Trump, who tied himself to stock market when it rose, struggles to respond to its plunge – By Eli Stokols, Noah Bierman (LA Times) / March 9 2020
WASHINGTON — President Trump, in defiance of precedent and warnings from advisors, repeatedly has tied his political fortunes to the stock market, taking credit for three years of steady growth and pointing to people’s healthy 401(k) accounts as he makes his case for reelection.
As the market plunged on Monday, ending with the Dow Jones industrial average down nearly 8%, the president struggled to respond — tweeting the usual attacks on Democrats, attending a fundraiser in Florida and generally downplaying the rising public health emergency, projecting a determined and wishful calm increasingly at odds with an agitated public.

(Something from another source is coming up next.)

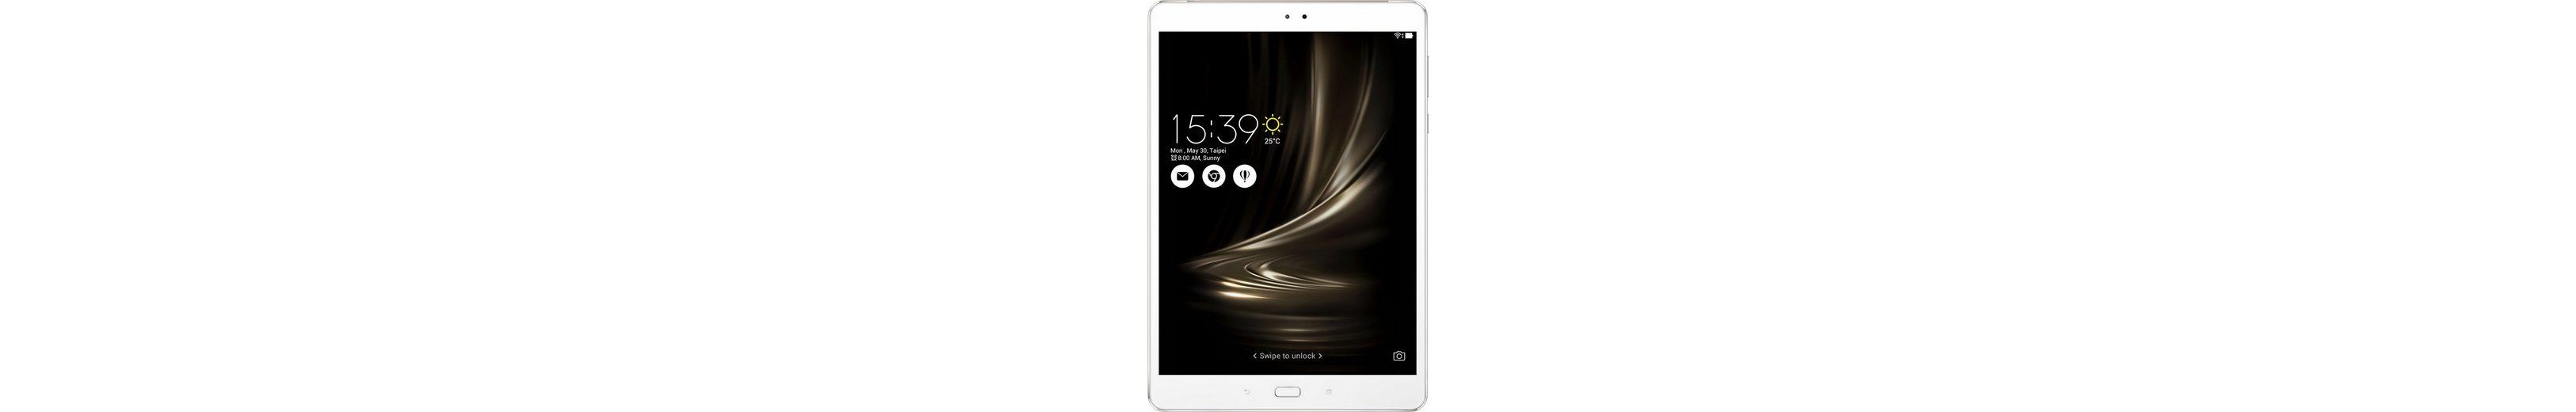 Asus Zenpad Z500M-1J006A Tablet-PC, Android 6.0, 24,6 cm (9,7 Zoll), 4096 MBLPDDR3

The president is set to meet Monday afternoon with advisors about potential bailouts and other mitigating measures, and some Wall Street executives have been invited to the White House to meet with Trump later this week, according to two people with knowledge of the plans. These new, stepped-up efforts to acknowledge and respond to a growing public health, economic and political threat come as some of Trump’s outside allies and advisors have grown more concerned about his stubborn projection of nonchalance.
“He’s a wartime president now, and he has to get into that mode,” said Steve Cortes, a spokesman for the pro-Trump America First PAC and a former Wall Street trader and analyst. “The enemy isn’t a foreign country, it’s a virus. We need a commander-in-chief who is really front and center, warning about risks and being transparent about the risks, but also reassuring the people that America can handle this.”
Transparency, reassurance and steadiness, however, have never been traits at which Trump excels, and in dealing with the current crisis, he faces several problems that he’s not accustomed to.